We note that the effect of hemoglobin is almost equal to that of a more suitable model (as shown in the figure above). The estimated values of other covariates in the model may be seriously misleading, but there may be serious deviations in the estimated values of other covariates. Finally, we compare the prediction of FG model with that of semi parametric model, which describes the effect in more detail. We consider predicting two different patients as defined below by the new data allocation. Patient type I: disease stage I (stage = 0), 40 years old, without chemotherapy (chemotherapy = 0), patient type II: disease stage II (stage = 1), 60 years old, combined radiotherapy and chemotherapy (chemotherapy = 1).

R> newdata <- data.frame(stage = c(0, 1), age = c(40, 60), chemo = c(0, 1),
+ hgb = c(138, 138))
R> predict(out, newdata)

To specify the data to calculate the forecast, we can specify a newdata parameter.
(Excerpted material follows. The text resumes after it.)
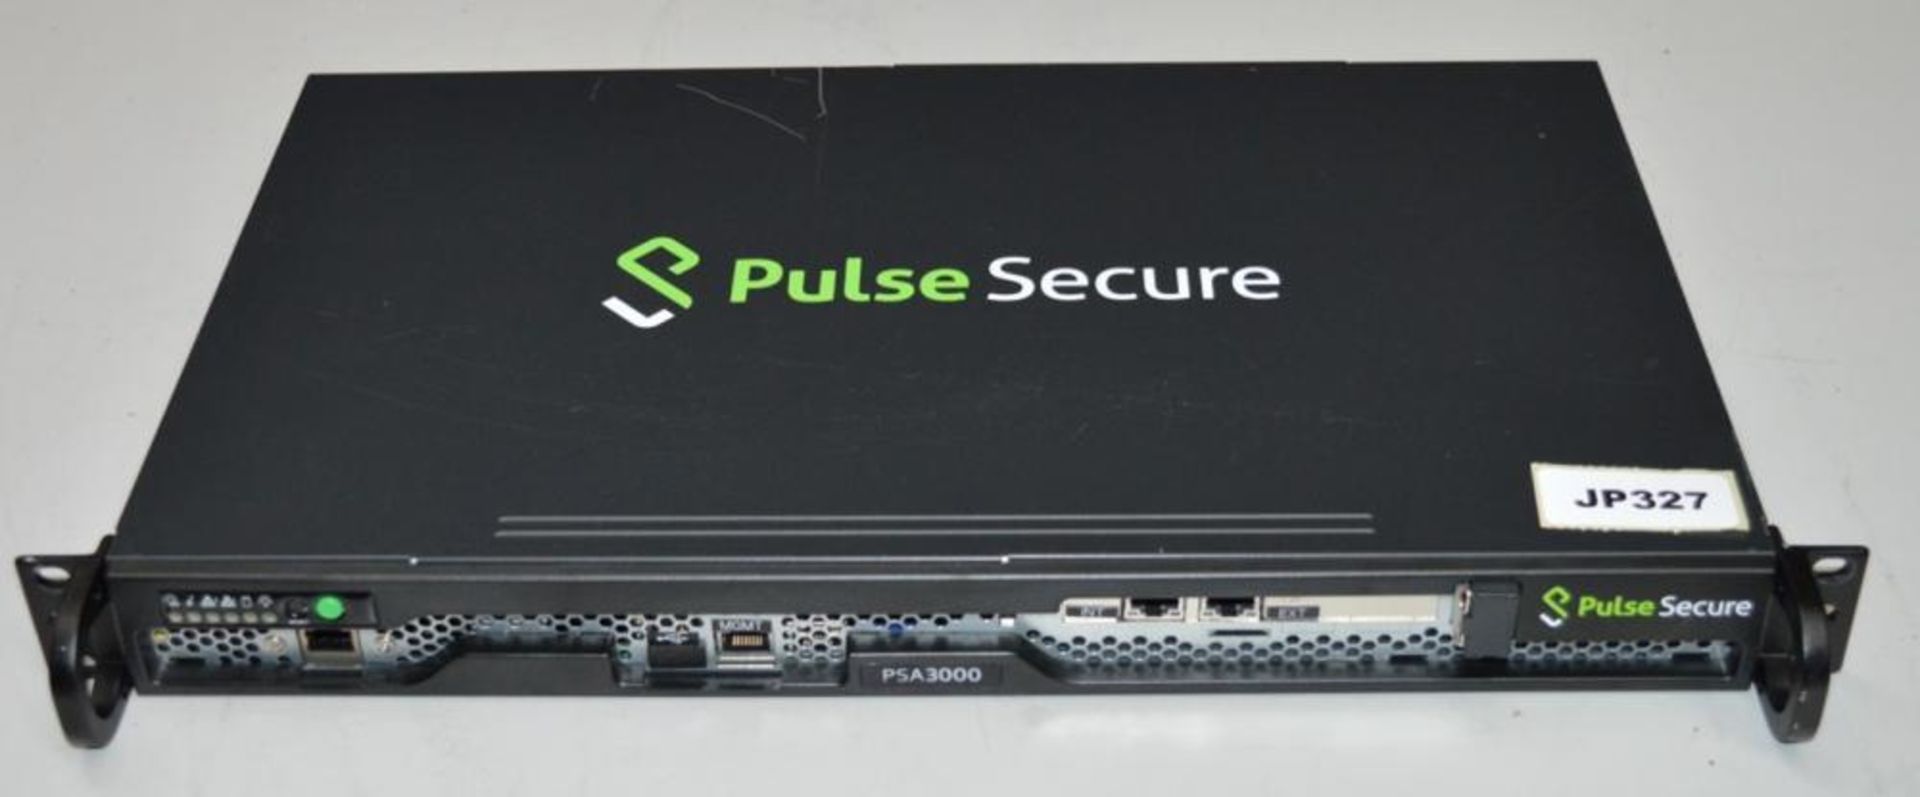 1 x Pulse Secure PSA3000 Security Appliance - CL285 - Ref JP327 F2 - Location: Altrincham WA14 - RRP
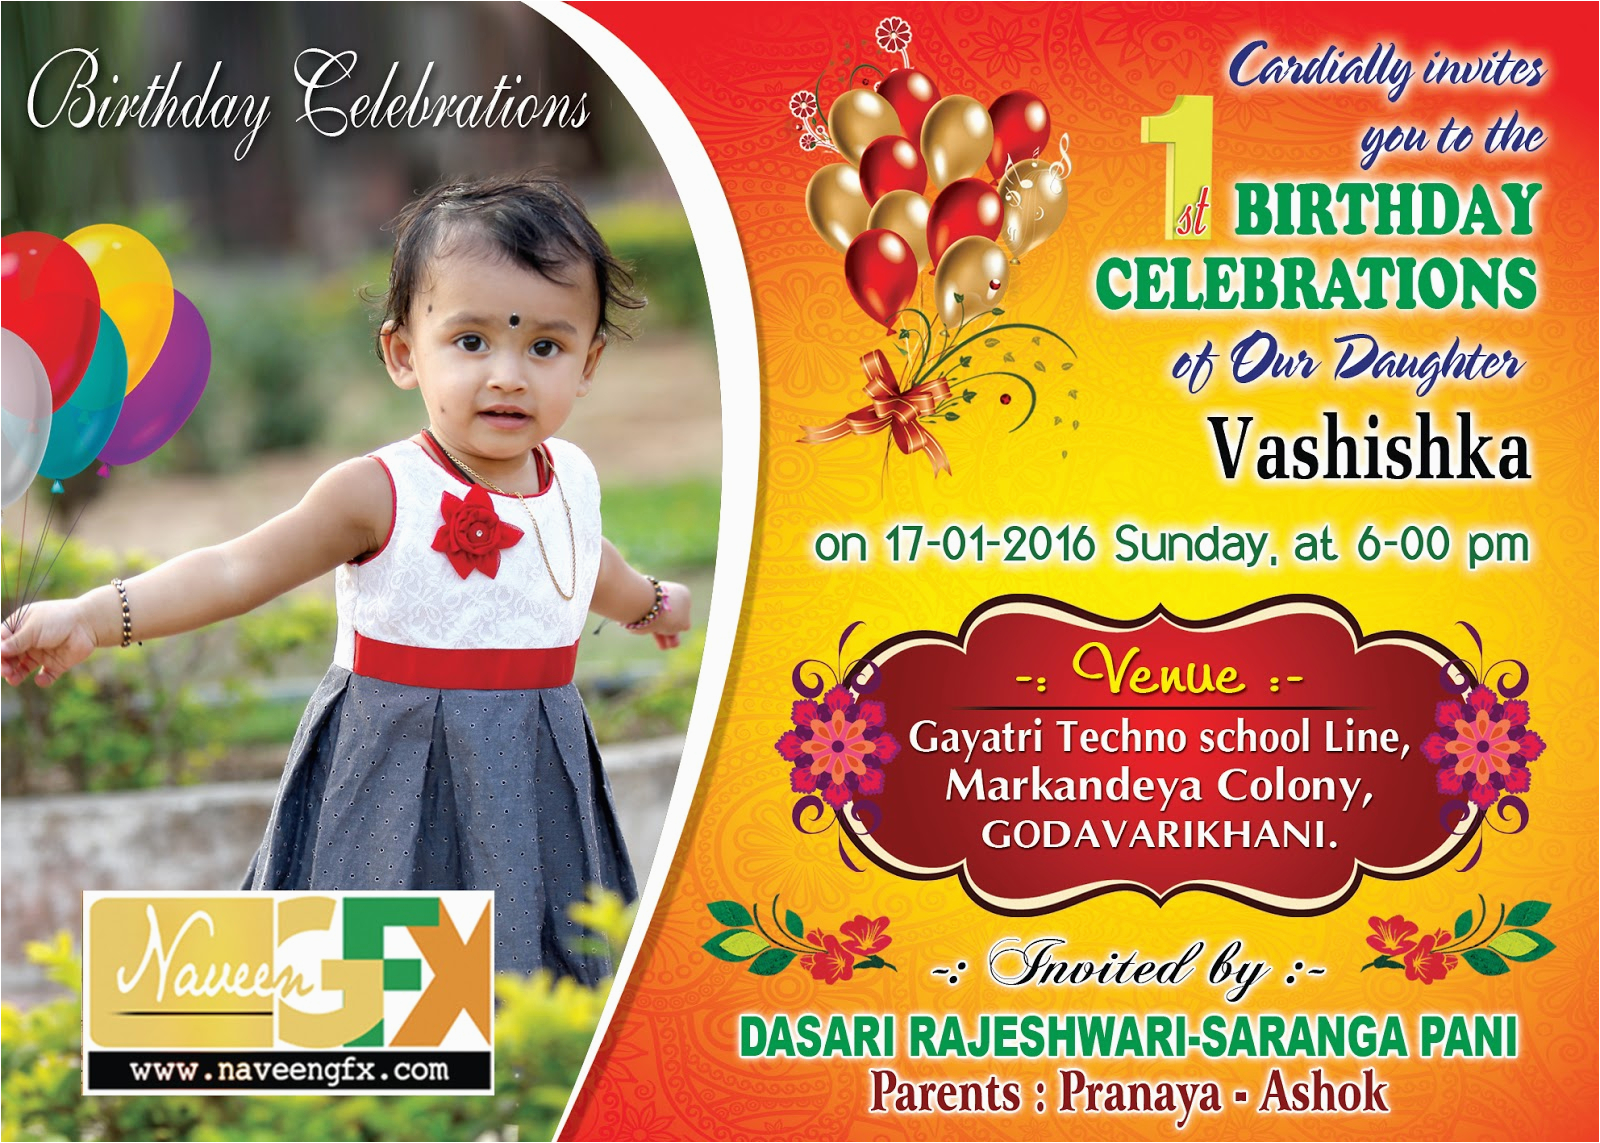 Customized Birthday Invitation Cards Online Free Sample Birthday Invitations Cards Psd Templates Free

The prediction based on this model may not be monotonic. We plotted predictions without point confidence intervals (se = 0) and without confidence bands (uniform = 0). The prediction in Figure 4 (a) is based on the flexible model, while the prediction in Figure 4 (b) is based on the FG model. The cumulative recurrence rate curves of type I and type II patients are represented by solid lines and dotted lines respectively. Figure 5 (a) compares the prediction results of type I patients based on flexible model and FG model. Similarly, figure 5 (b) compares the predictions for type II patients. The broken line around the two predicted values represents the confidence zone based on the flexible model.

Figure 4

R> par(mfrow = c(1, 2))
R> plot(f1, se = 0, uniform = 1, col = 1, lty = 1
R> plot(fg, new = 0, se = 0, uniform = 0, col = 2, lty = 2,

The higher disease stage, higher age and combined treatment led to higher cumulative incidence rate, which was more pronounced in the early part of time (Fig. 4 (a) and Figure 2). On the other hand, chemotherapy initially increased cumulative incidence rate in time and subsequently reduced the incidence rate (Figure 4 (a) and Figure 2). Figure 5 shows that the FG model can not accurately simulate the time-varying effect. Despite these differences, in this case, the overall forecast is somewhat similar, especially when considering the uncertainty of the estimation. However, the time-varying behavior of covariates is obviously important.

Figure 5


4. Discussion

This paper implements a flexible competition risk regression model for cumulative incidence rate curves, which can analyze in detail how covariate effect predicts cumulative incidence rate and allow time variation effect of covariates. It can check the fitting degree of simpler models and produce prediction results with confidence intervals and confidence bands, which is very useful for researchers.

Most popular insights

1.R language drawing survival curve estimation | survival analysis | how to draw survival curve

2.Visual analysis of R language survival analysis

3.How does R language calculate IDI and NRI indexes in survival analysis and Cox regression

4.Bioconductor is used to analyze chip data in r language

5.R language survival analysis data analysis visualization case

6.r language ggplot2 error bar chart Quick Guide

7.R language drawing function enrichment Bubble Diagram

8.How can R language find indicators with differences in patient data? (PLS-DA analysis)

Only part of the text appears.